Concern	`pip install .`	`pip install -e .`	`cmake + PYTHONPATH`
Who it's for	Users / CI	Python + C++ developers	C++-only developers
`simpler_setup` resolves to	site-packages	source tree (via `.pth`)	source tree (via `PYTHONPATH`)
`simpler` resolves to	site-packages (4 files)	source tree `python/simpler/` (all 8 files)	source tree (all 8)
*`_task_interface..so` lives at**	site-packages root	`build/{wheel_tag}/` (finder-dispatched)	`python/_task_interface.*.so`
`PROJECT_ROOT`	`<site-packages>/simpler_setup/_assets/`	repo root	repo root
`src/` found under	`_assets/src/`	`<repo>/src/`	`<repo>/src/`
`build/lib/` found under	`_assets/build/lib/`	`<repo>/build/lib/`	`<repo>/build/lib/`
Edit `.py` → effect	reinstall required	immediate	immediate
Edit nanobind `.cpp` → rebuild	reinstall required	auto on next import (`editable.rebuild`)	manual `cmake --build build/`
Edit runtime `src/` → rebuild	reinstall or manual	manual (`--build` flag or explicit script)	manual
`from simpler.kernel_compiler import`	fails (excluded from wheel)	works (transitional copy — use `simpler_setup` instead)	works (transitional copy — use `simpler_setup` instead)
`--build` path writable	no (site-packages read-only)	yes	yes

1. `pip install .` — user / CI install

pip install --no-build-isolation .

--no-build-isolation is required: scikit-build-core consumes the venv's already-installed scikit-build-core, nanobind, cmake directly; isolation would hide them.

What lands in site-packages:

site-packages/
├── _task_interface.cpython-*.so      # nanobind extension
├── simpler/                          # stable 4 files only
│   ├── __init__.py
│   ├── env_manager.py
│   ├── task_interface.py
│   └── worker.py
└── simpler_setup/
    ├── *.py                          # test framework + authoritative compilers
    └── _assets/
        ├── src/                      # headers + orchestration sources
        └── build/lib/                # pre-built runtime binaries

Limitations:

Python edits require pip install . again
from simpler.{kernel_compiler,runtime_compiler,toolchain,elf_parser} import ... does not work — use simpler_setup.* for those
--build (rebuild runtime from source) won't work (site-packages is read-only)

Best for: ci.sh jobs and downstream consumers who only need to run examples.

2. `pip install -e .` — editable developer install

pip install --no-build-isolation -e .

The build is invoked once during install; pyproject.toml sets editable.rebuild = true, so subsequent C++ changes are picked up automatically.

What happens at install time:

simpler_setup/ and simpler/ get .pth redirects pointing at the source tree
_task_interface.*.so is built into build/{wheel_tag}/ and dispatched by scikit-build-core's import finder
build_runtimes.py pre-builds runtime binaries into <repo>/build/lib/
install() rules also populate <site-packages>/simpler_setup/_assets/, but those are shadowed by the source-tree redirect

Rebuild behavior on import:

Every fresh Python process that imports simpler_setup or _task_interface triggers cmake --build + cmake --install against the top-level CMakeLists before the import returns.
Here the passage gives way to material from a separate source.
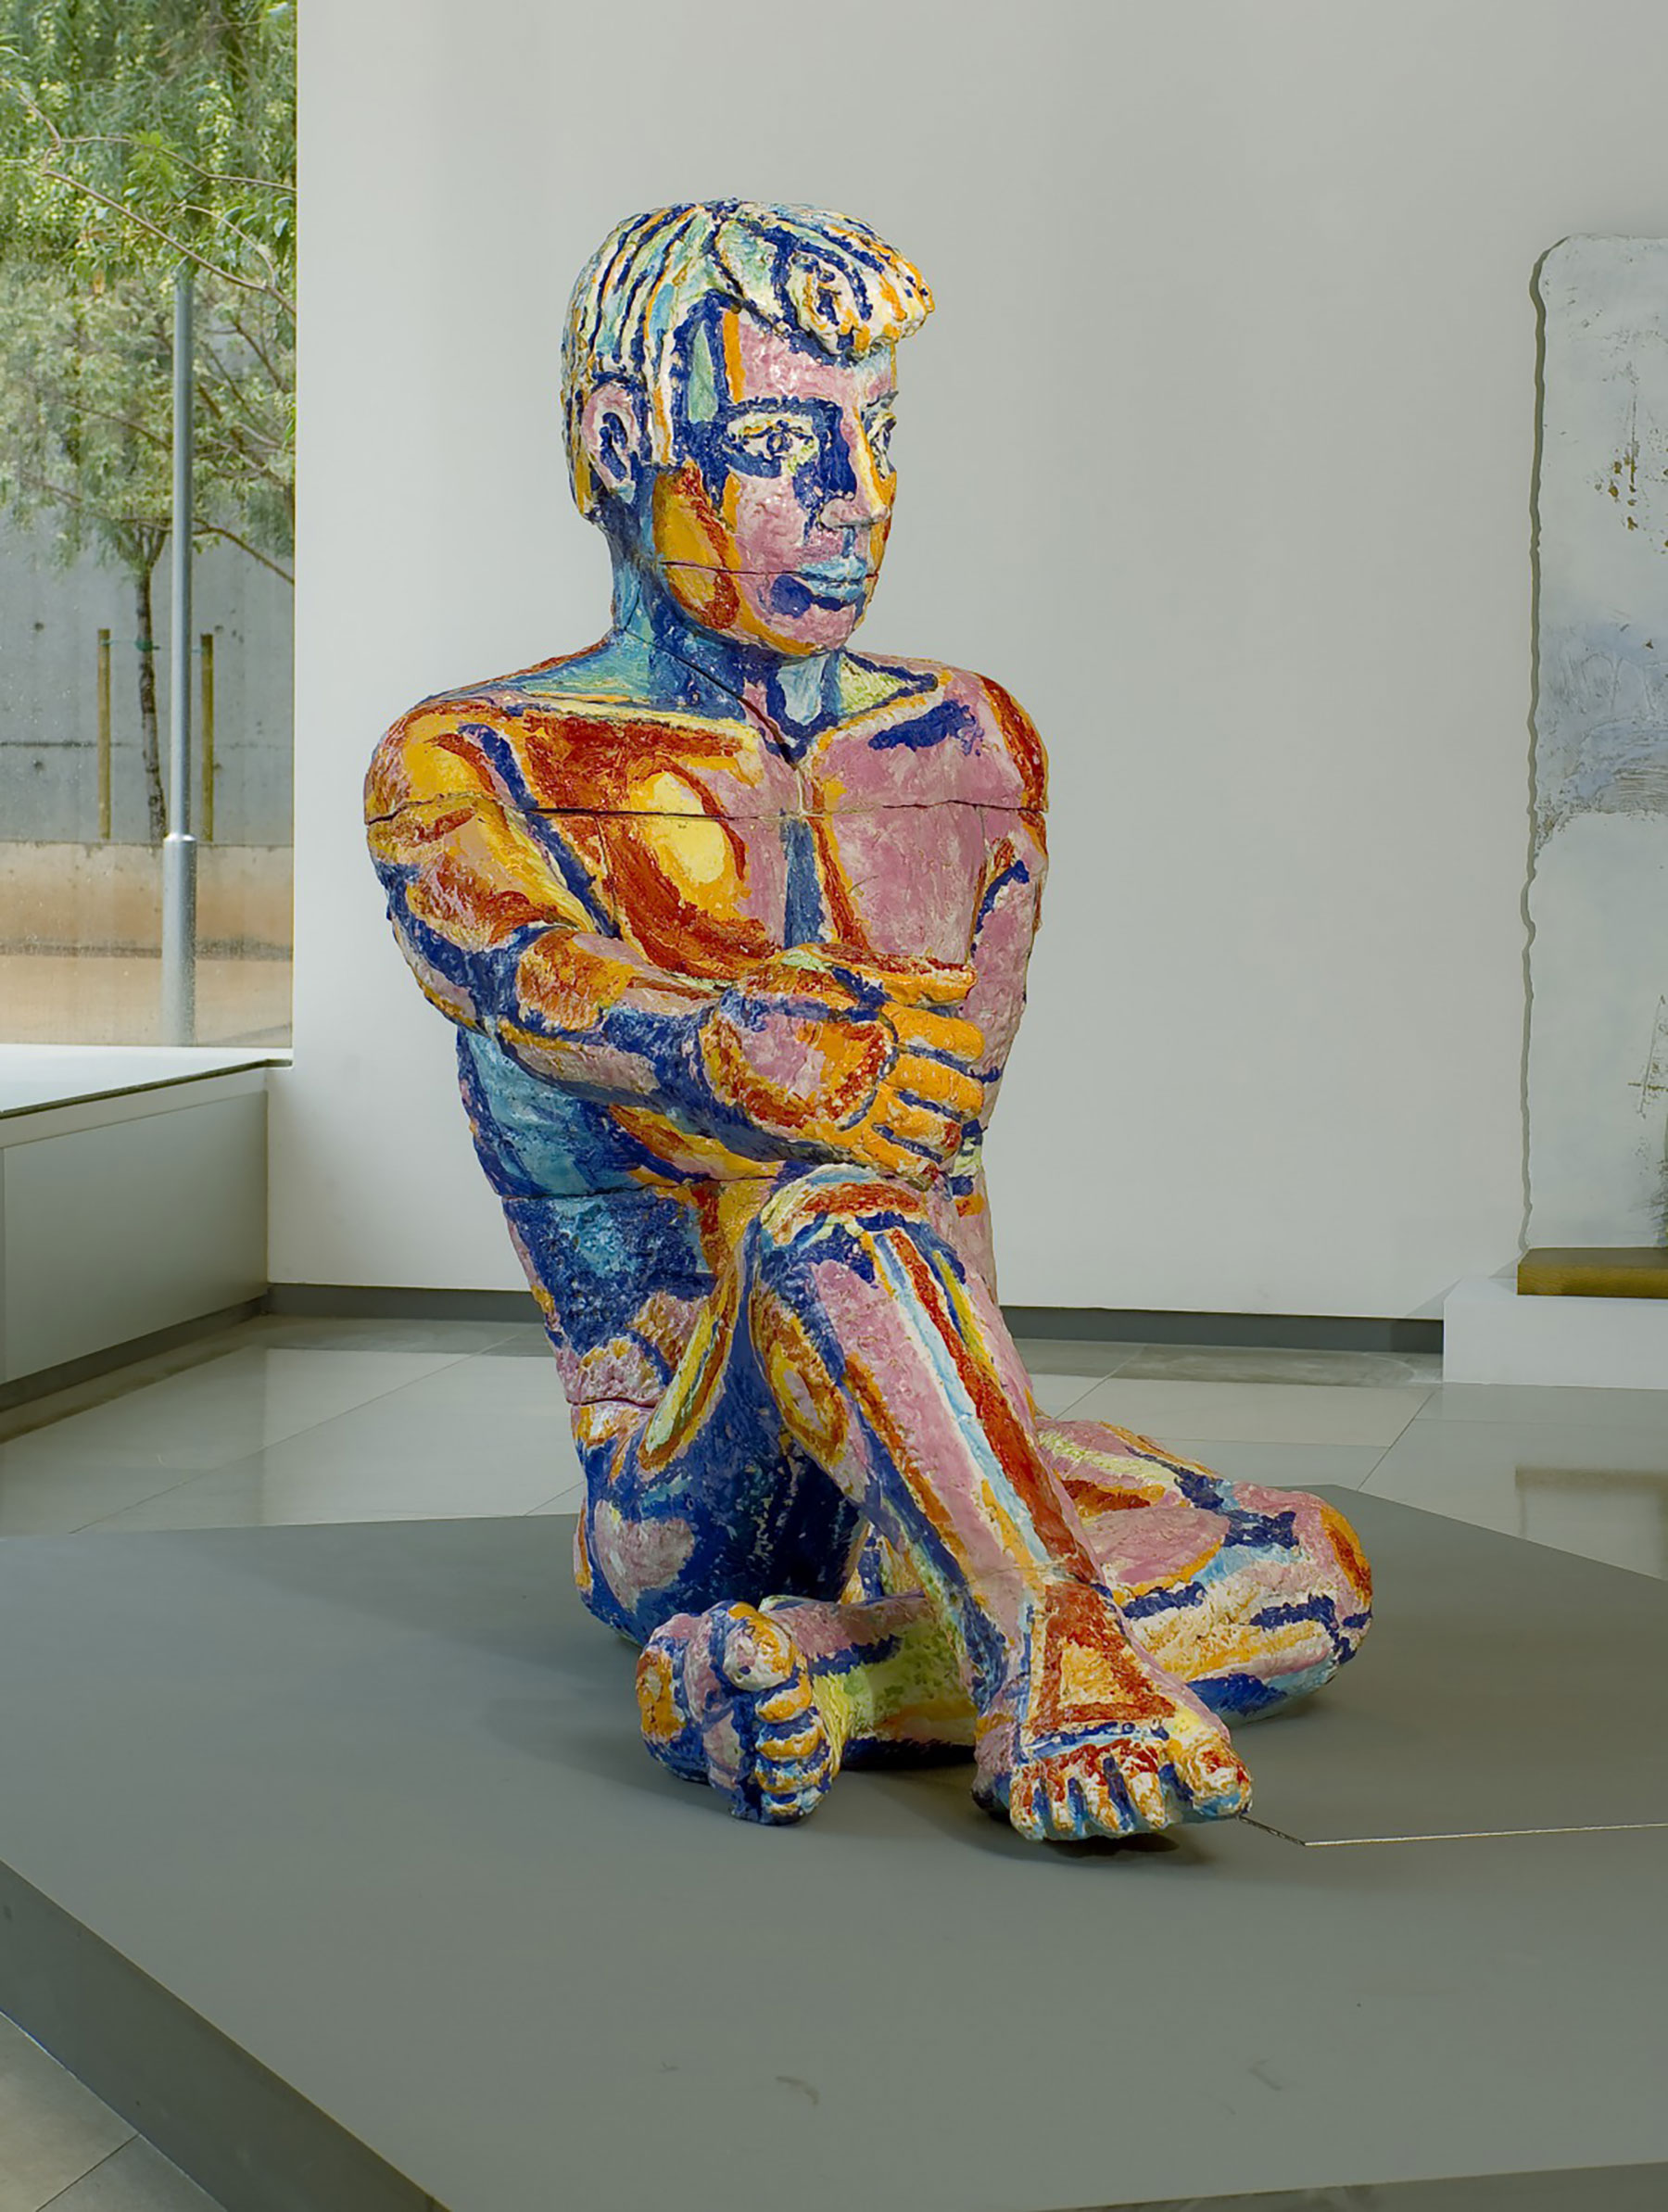 Viola Frey, Nude Man, 1989. Glazed ceramic. Gift of Stéphane Janssen in honor of the Museum's 50th Anniversary. © 2020 Artists Rights Society (ARS), New York.

This covers:

nanobind module (python/bindings/*.cpp) — real incremental rebuild when source changed
build_runtimes ALL target — re-invokes build_runtimes.py, which fans out to per-runtime inner cmakes (each fast no-op when nothing changed)

Startup cost per fresh process:

Nothing changed: ~6-15 seconds, depending on how many toolchains are installed (one inner cmake per runtime × platform combination, each a few hundred ms)
Real C++ change: full incremental rebuild blocks import until done

What's still manual:

Runtime src/{arch}/... edits for --build code paths: pass --build to run_example.py (or re-run build_runtimes.py). editable.rebuild will also try, but the inner no-op walk is the same — running --build explicitly on the affected example is faster.
Transitional from simpler.{kernel_compiler,...} import ... still works in editable mode (source tree has the files); migrate to simpler_setup.* when convenient.
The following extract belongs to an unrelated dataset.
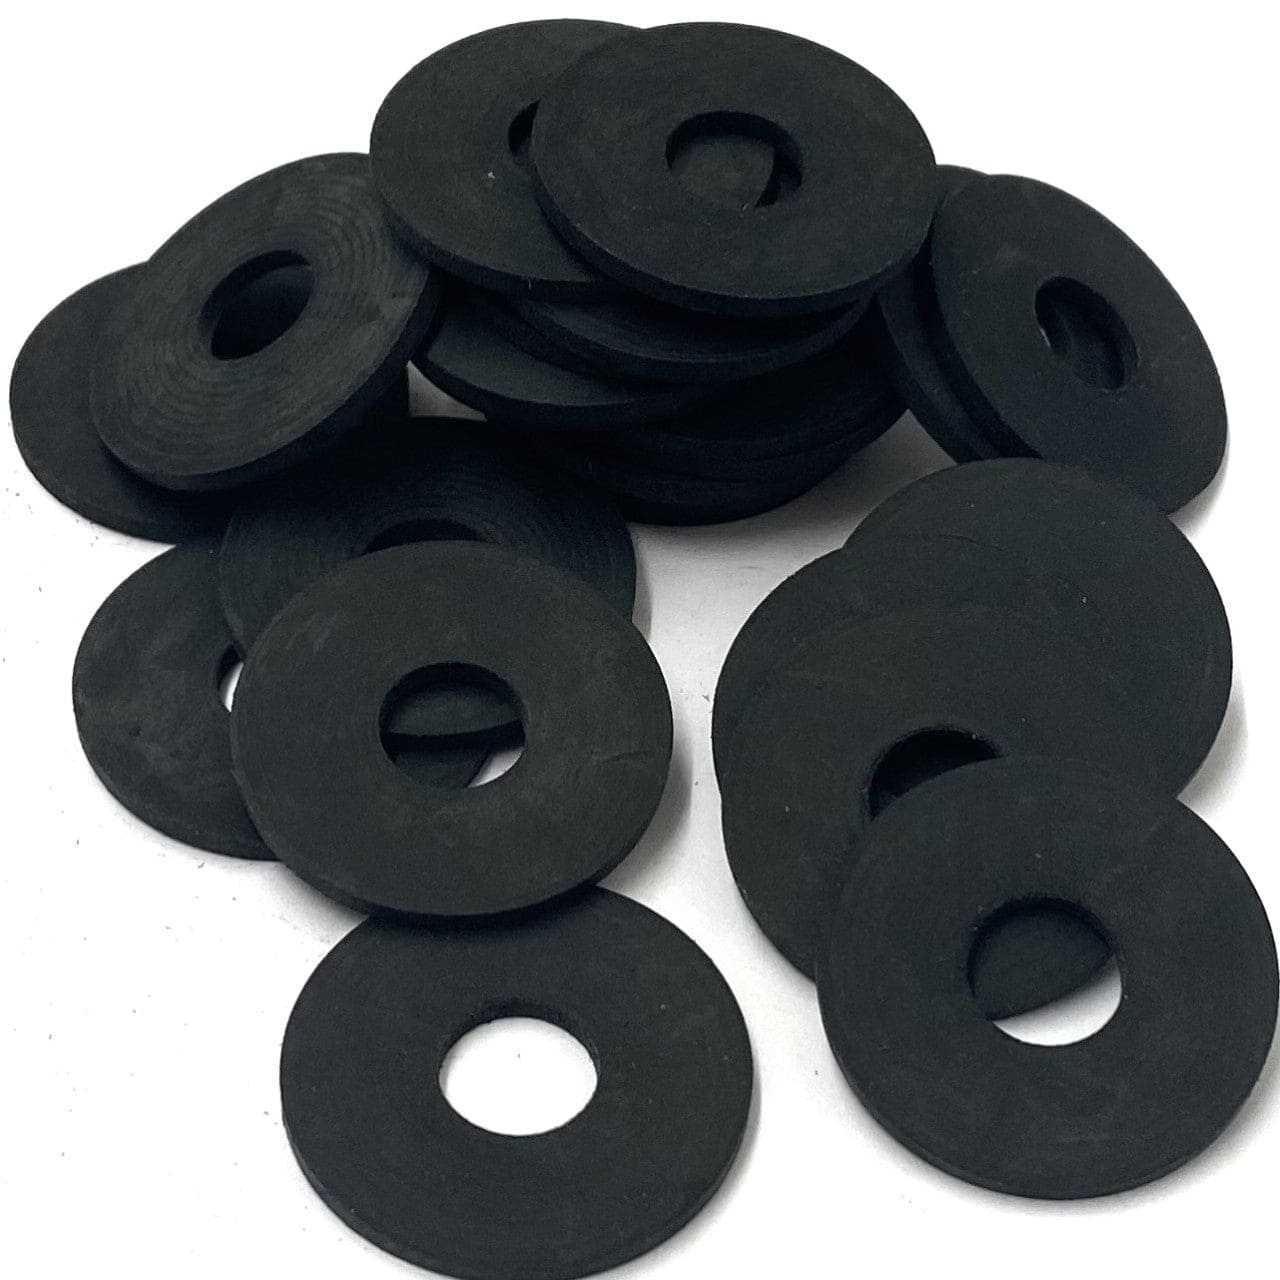 M6 X 12 X 1.5mm Form A Nylon Rubber Washers Black DIN 125-1A

Best for: daily development. Python edits are instant, C++ rebuilds without thinking about pip install.

Turning off rebuild temporarily (e.g. for faster pytest iteration when nothing C++ changed):

# One-off: skip rebuild for this invocation
SKBUILD_EDITABLE_REBUILD=0 pytest ...

# Or edit pyproject.toml to set editable.rebuild = false, then re-install

3. `cmake + PYTHONPATH` — manual C++ workflow

This path bypasses pip entirely. Useful if you want compile_commands.json, IDE integration, or are debugging a CMake-only concern.

# Dependencies (one-time, install into the venv)
pip install --no-build-isolation nanobind cmake scikit-build-core torch pytest

# Build
cmake -B build -S .
cmake --build build --parallel

# Make Python find the project
export PYTHONPATH="$(pwd):$(pwd)/python"

# Now run anything
python examples/scripts/run_example.py -k ... -g ... -p a2a3sim

Why PYTHONPATH="$(pwd):$(pwd)/python":

$(pwd) makes simpler_setup importable (it lives at repo root)
$(pwd)/python makes simpler.* importable (lives under python/simpler/) and also finds python/_task_interface.*.so

In this mode SKBUILD_MODE=OFF, so CMakeLists.txt takes the non-install branch: the nanobind module's LIBRARY_OUTPUT_DIRECTORY is set to <repo>/python/, and no install() runs. _assets/ is not created — PROJECT_ROOT falls back to the repo root.

What's still needed from pip:

find_package(nanobind CONFIG REQUIRED) in python/bindings/CMakeLists.txt requires nanobind to be discoverable via its Python-installed CMake config. Even without pip install ., you need pip install nanobind in the active venv.

Rebuild:

C++ (nanobind or runtime): manual cmake --build build/
nanobind alone: cmake --build build --target _task_interface
Runtime alone: cmake --build build --target build_runtimes (or just run_example.py --build)

Limitations:

editable.rebuild and everything else in [tool.scikit-build] are not consulted — this path doesn't go through scikit-build-core
You manage all dependencies manually
Good for CMake-centric debugging; not the recommended daily loop

Best for: C++-only iteration, IDE integration, tests/ut/cpp/ development.

Build Process

The RuntimeCompiler class handles compilation of all three components separately:

from simpler_setup.runtime_compiler import RuntimeCompiler

# For real Ascend hardware (requires CANN toolkit)
compiler = RuntimeCompiler(platform="a2a3")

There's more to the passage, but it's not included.